Research utilizing recombinant P. phaeoclathratiforme FtsH should focus on establishing reliable functional assays and structural characterization methods that account for its complex oligomeric structure and membrane association.

What technologies are emerging for studying dynamic aspects of FtsH function?

Several emerging technologies are particularly promising for investigating the dynamic aspects of FtsH function:

• Time-resolved cryo-electron microscopy:
  This technique allows visualization of different conformational states during the ATP hydrolysis and proteolysis cycle, potentially revealing the structural basis of the proposed "pulling" mechanism .

• Single-molecule FRET:
  By labeling specific domains with fluorophores, researchers can track conformational changes in real-time at the single-molecule level, providing insights into the coordination between ATP hydrolysis and substrate translocation.

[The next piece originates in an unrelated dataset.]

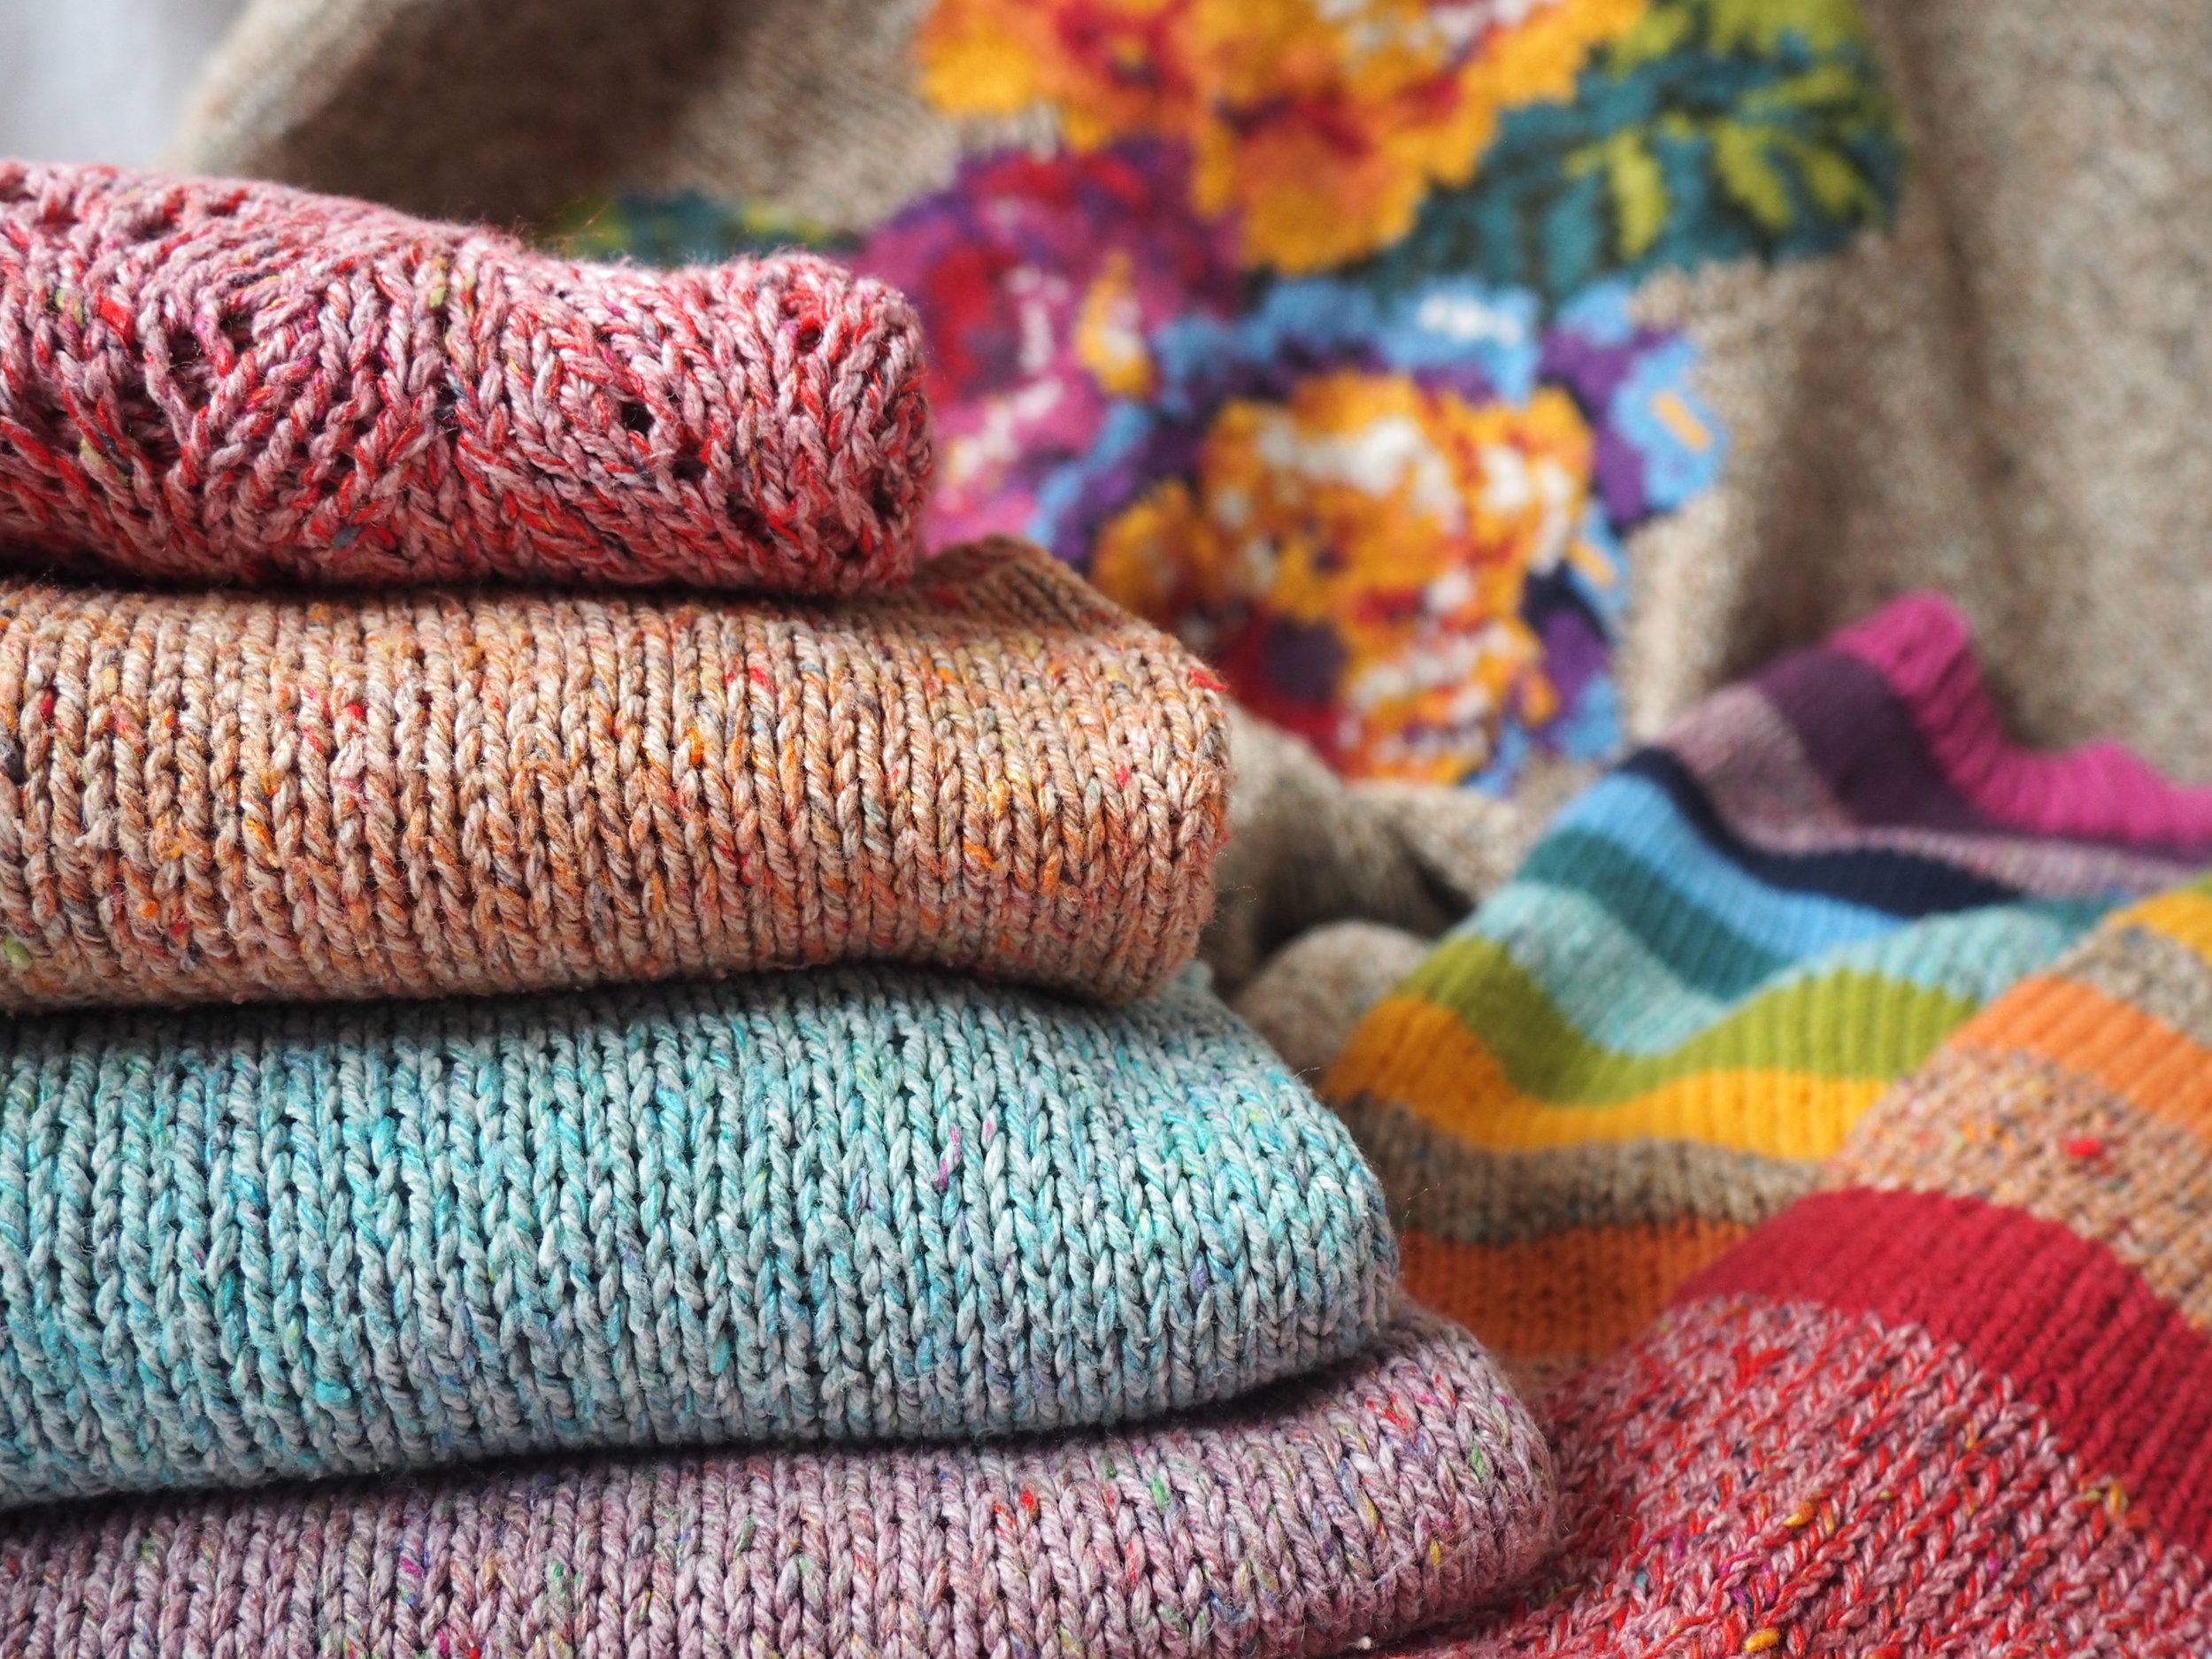 Rainbow knitting landscape - JCockcroft.JPG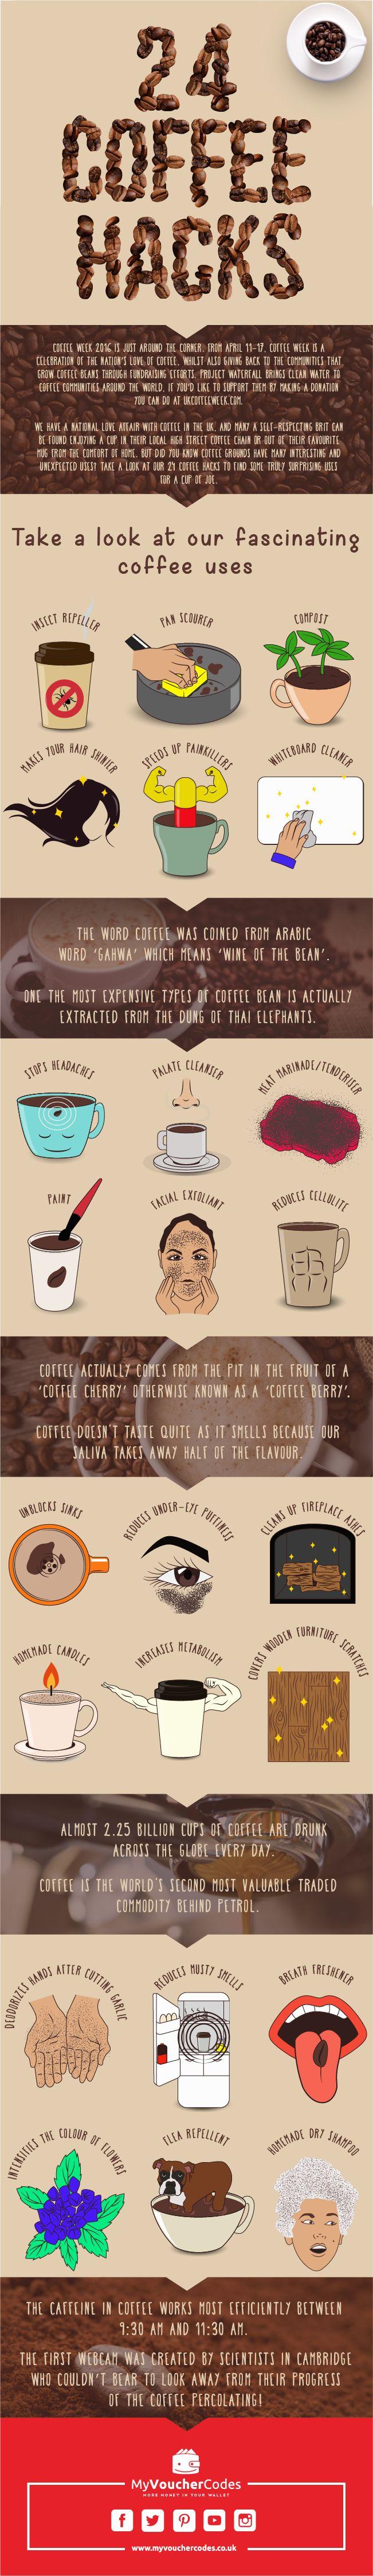 24 fantastic coffee hacks - family budgeting

• Nanodiscs and styrene-maleic acid lipid particles (SMALPs):
  These membrane mimetics allow structural and functional studies of FtsH in a more native-like environment, potentially resolving the coupling mechanism between transmembrane domains and the AAA/protease rings.

• Hydrogen-deuterium exchange mass spectrometry (HDX-MS):
  This technique can map conformational dynamics and substrate interactions across different functional states of the FtsH hexamer.

• In-cell structural biology:
  Emerging methods for structural studies within cells could reveal how FtsH functions in its native cellular context and how it interacts with other quality control systems.

Implementation of these technologies requires careful experimental design to maintain functional integrity while enabling high-resolution analysis of dynamic processes.